I tried to sing them as I walked to the toilets to wash my face, as I used wet toilet paper to wipe the dirt off my pants, as I took the pile of patient files out of my box, as blood trickled down the side of my leg. I tried to force the words out of my mouth, but all that escaped was a silent cry.
‘Oh Lord my God, when I in awesome wonder… Oh Lord my God, when I in awesome wonder … Oh Lord my God, when I in awesome wonder … Oh Lord my God …’
I wanted to sing God’s praises, shout them, despite the circumstances, but my tongue refused.
‘Oh Lord my God … Oh Lord my God … Oh Lord my God …’
When I recounted all of this to Dr Phakama, she said I must have been in the first stage of bereavement. After rape one suffers a loss of the former self, she said, and it’s normal and important to mourn. She explained that there are five stages of bereavement: denial, anger, bargaining, depression and acceptance, and that my desire to sing praise to my God after I’d just been raped was a textbook example of extreme denial.
Denial.
Denial.
Denial.
A strange word. The refusal to admit the truth.
Who’s truth?
It didn’t matter how clever, how caref
ul, how disciplined I was. I was disciplined! So I had a drink on occasion, so I got really drunk at the Christmas party, but that’s all. I’ve never smoked a joint in my life, never done any drugs, never had sex with Francois when I could have, when I wanted to. I got into medical school. I studied all the time. I worked hard. I prayed. Heaven knows I prayed. I exercised, used hand sanitiser, even kept antiseptic Wet Wipes in my bag. I was careful, I did everything right. But my floor collapsed and I fell, then the sky fell in, then the whole universe fell in, crushing me, the sky, the floor … and I still don’t even know why.

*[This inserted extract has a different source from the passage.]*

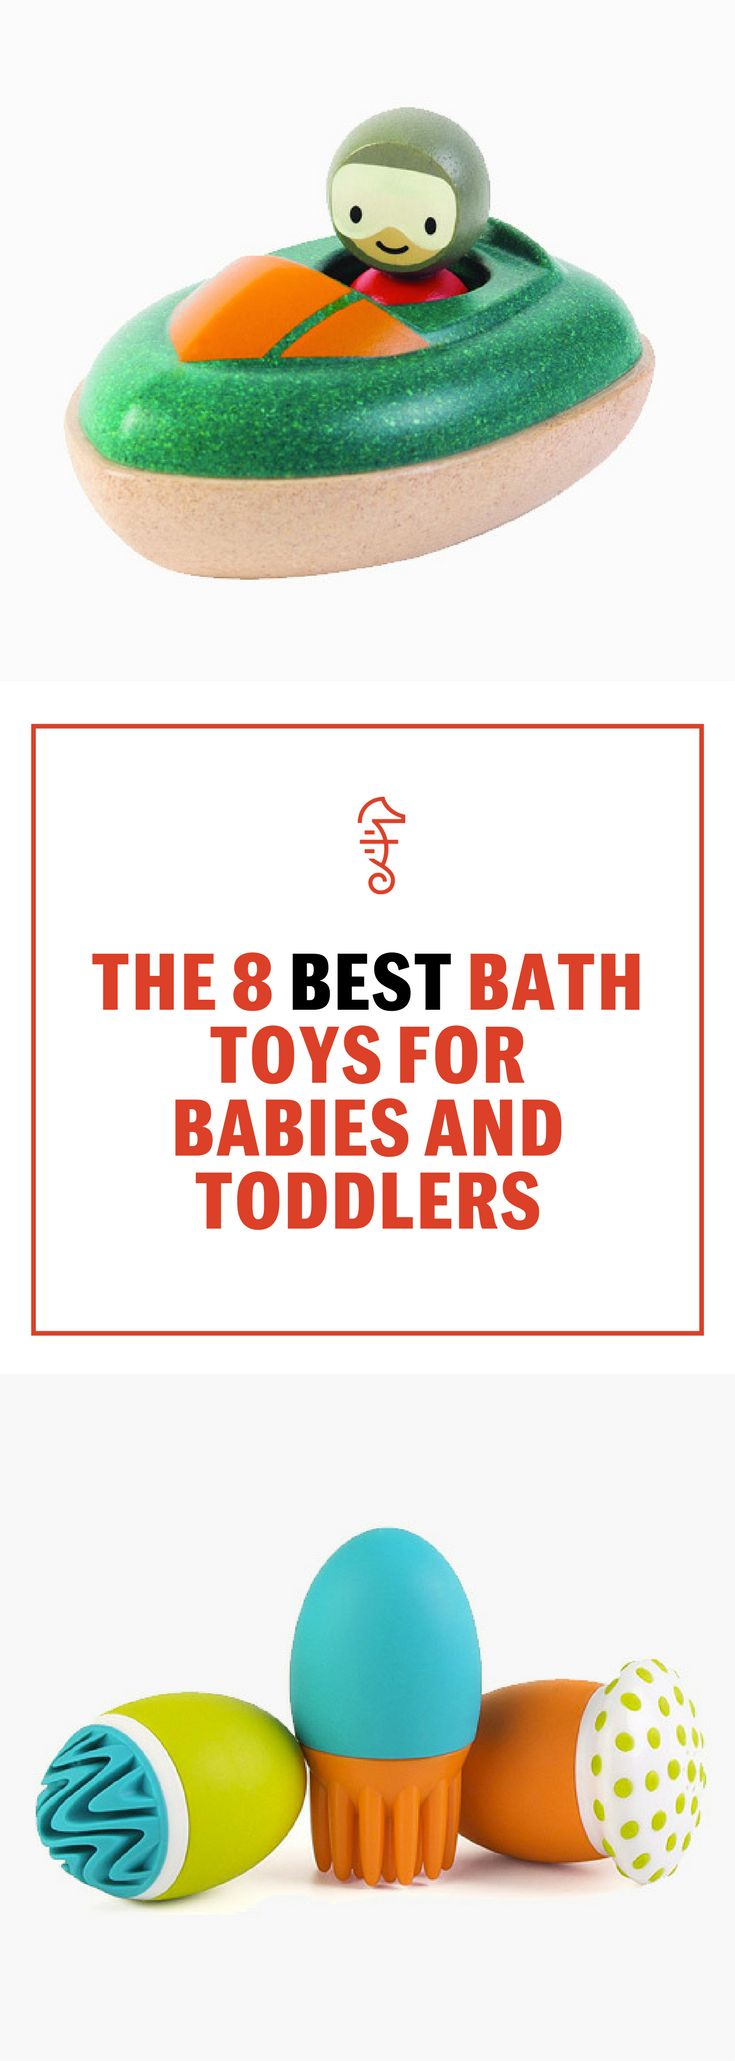 Bath toys, bath toys for baby, bath toys for toddlers, bath toys for kids, bath toys kids

I think of the nurse in The English Patient. Perhaps if I’d cared for my patients the way she cared for hers? But she also slipped into his bed. So is it possible to love them and leave them there? Is it possible to love them without them leaving stains on one’s heart? Does a heart have room for all of their pain (and one’s own), for their broken bones (and one’s shattered soul), for their discomfort (and one’s own shame)?
I’m haunted by the faces of the patients I neglected, rushed through, walked past, ignored. Those faces remind me every day that I only got what I deserved.

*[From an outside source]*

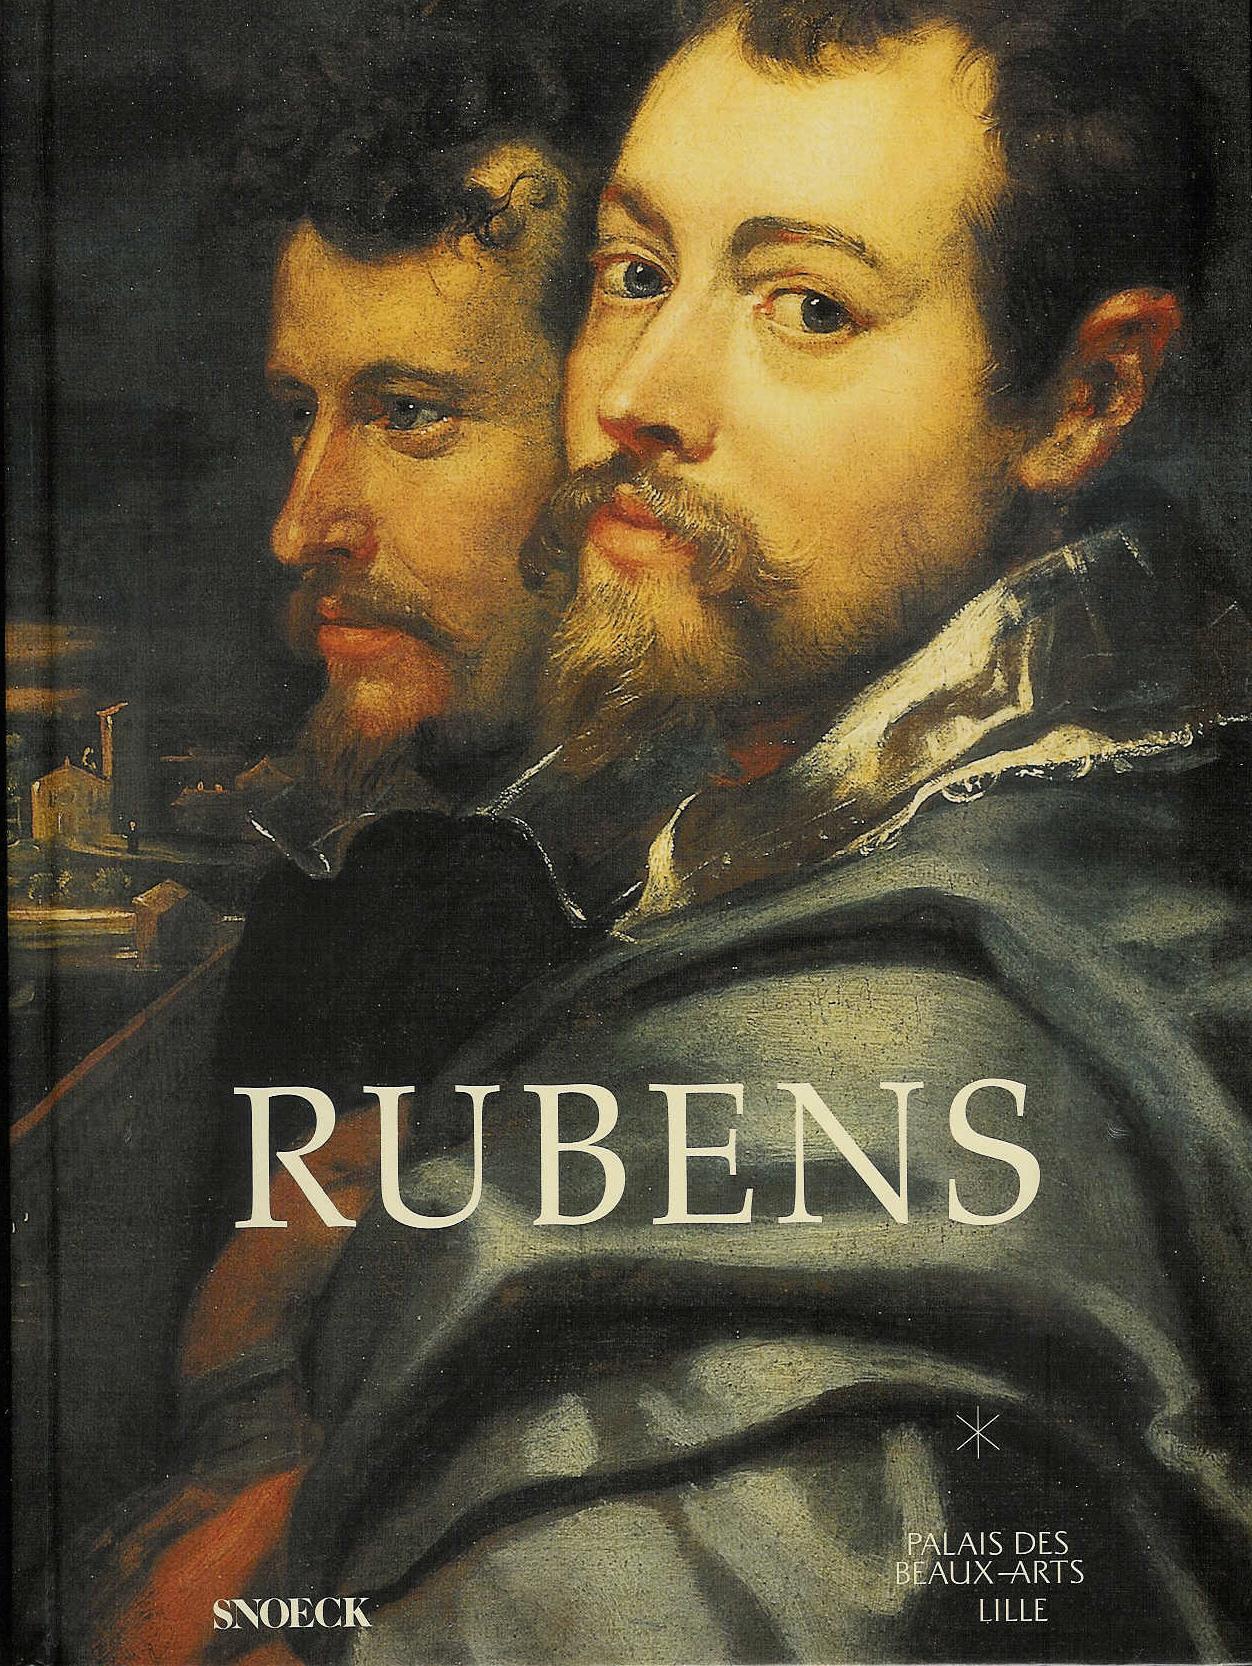 Cat. Lille 2004: Rubens

The sessions with Dr Phakama are a waste of time. She wants me to do relaxation exercises. She makes me sit with my eyes closed while she reads from a printed sheet that tells me to picture myself walking alone in a park. ‘Find a quiet space where there are no people,’ she reads, ‘where you can be alone, where no one can see you and you can see no others. Find a tree, a tall towering tree, sit down, close your eyes and rest your head against it.’
Is she crazy? What is relaxing about the idea of being alone in a big, empty park behind some tree?
When I said this to her, she said I should use my imagination.